Здесь каждый танцевал, рисовал, сочинял, работая, отдыхая, соблазняя или вымаливая милостыню. И никто не взялся бы различить, что именно поют на рассветах и на закатах пеоны — то ли песню, то ли молитву, то ли одному богу, то ли многим, по языческой привычке сопрягая бытие с высшими силами, а по велению души — с искусством.
С лучшими художниками можно было знакомиться по росписям где-нибудь на сводах вокзала или почты. Лучших актёров — увидеть в деревенских балаганах, где по выходным свои лицедействовали для своих. Лучших певиц и танцовщиц города — вовсе не на сцене, а в публичных домах.
Из них состояла знаменитая улица Яростного Койота (самые образованные узнавали в едва ли произносимом для европейца названии Nezahualcóyotl имя поэта и философа доколумбовой эпохи, но таковых было немного). Первые этажи здесь распахивались к прохожему бессчётным количеством двустворчатых дверей. За каждой — крошечная комнатка, где на фоне красного коленкора извивается в танце дева, подпевая себе и отстукивая каблуками. Её сильные пальцы не нуждаются в кастаньетах, а голос перекрывает голоса конкуренток. Её страсть к музыке и ритму — эта страсть неподдельна, и зрителя пробирает дрожь, даже если просто идёт мимо, к следующей дверце.
— Почему вы так любите смотреть на проституток, Эйзен? Вы же ими не пользуетесь.
— Шлюха — отражение чаяний народа. Я смотрю на шлюх, чтобы лучше понять мексиканское общество, осознать его во всей полноте, так сказать, ширине, глубине и… Увы, закончить мысль не смогу — вымарано цензурой.
— И что же вы такого особенного поняли за последний час?
— Жаль, что я не пользуюсь шлюхами, вот что я понял.
— А в ком же тогда, многоуважаемый товарищ Эйзенштейн, отражаются чаяния советского общества?
— Что за вопрос, уважаемый, но несознательный товарищ Александров?! Конечно же в творческой интеллигенции!

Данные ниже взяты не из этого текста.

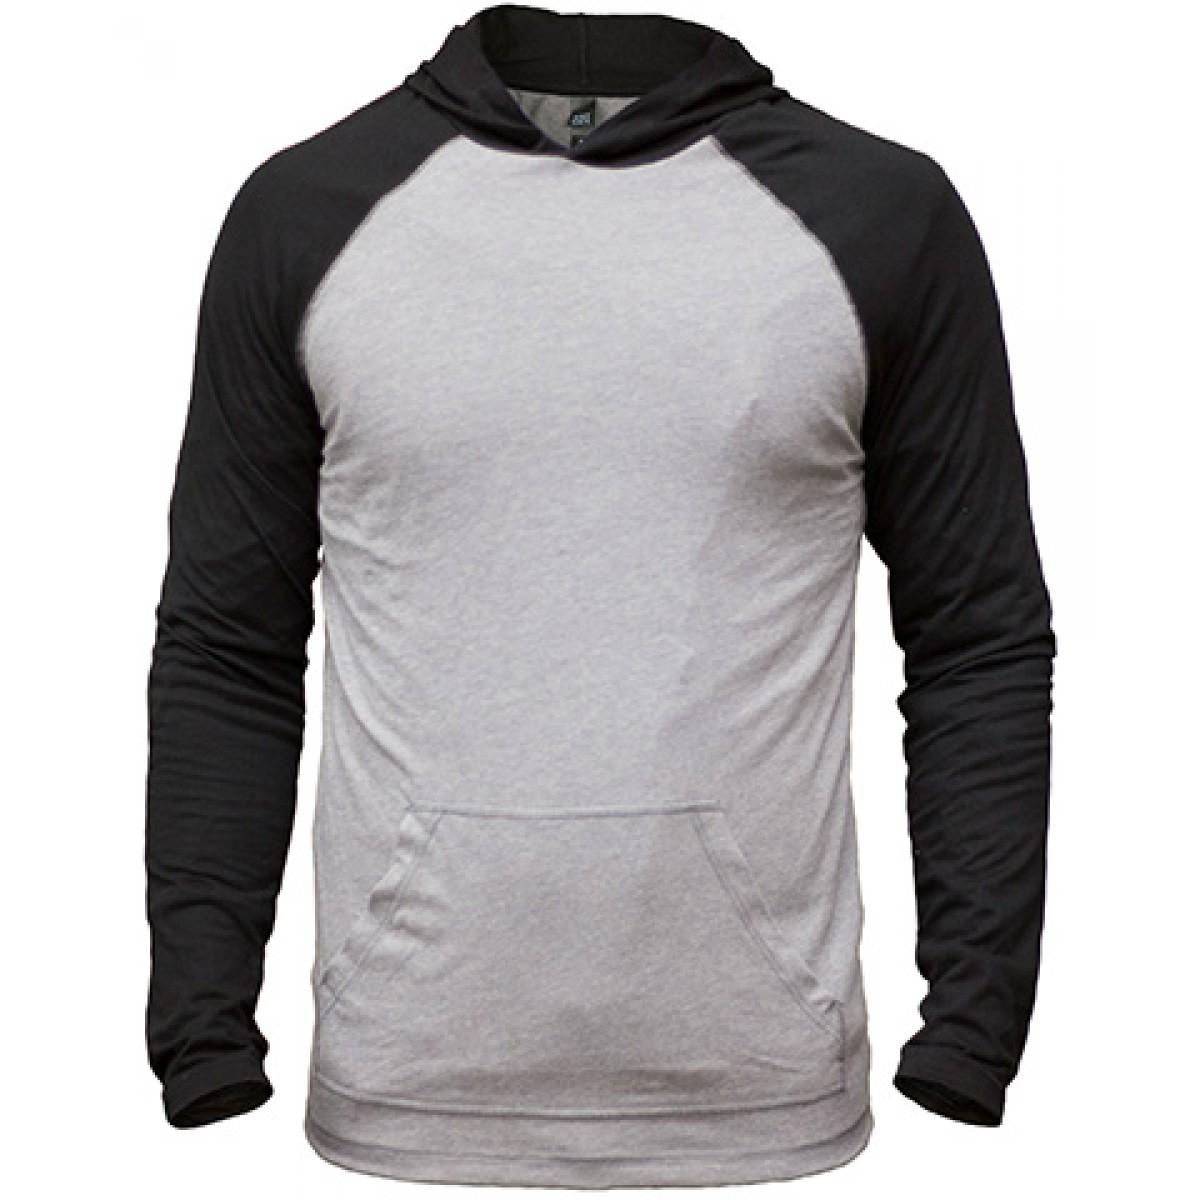 50/50 Raglan Hoodie-Gray/Black-XS

И более прочего — в членах государственных структур, к примеру родного “Союзкино”. Вспомните хотя бы одухотворённый лик нашего начальника, товарища Шумяцкого… Перестаньте хохотать, Тиссэ! Уважайте труд присутствующих дам. Они могут подумать, что вы ржёте над ними. Гриша, уймите Тиса…
Растворены друг в друге были и различные времена. Доколумбов мир и мир конкистадоров, феодальный уклад и технический прогресс перемежались, перемешивались и замесились наконец в единое тесто.
И рычали по центру Мехико кадиллаки — ничуть не меньше, чем по Mulholland Drive. И восседали в них дамы словно с полотен Веласкеса, и прятали нежную кожу под ворохи кружева, цветов и вееров. Мимо по тротуарам вышагивали пеоны в белых штанах и индейцы (эти вовсе без штанов, а в одних только перьях). И попы торопились в храмы, что были построены на месте языческих. Из главного же храма смотрела на подопечный город и улыбалась ему Гваделупская Madre — прекрасная и смуглая, как шоколад.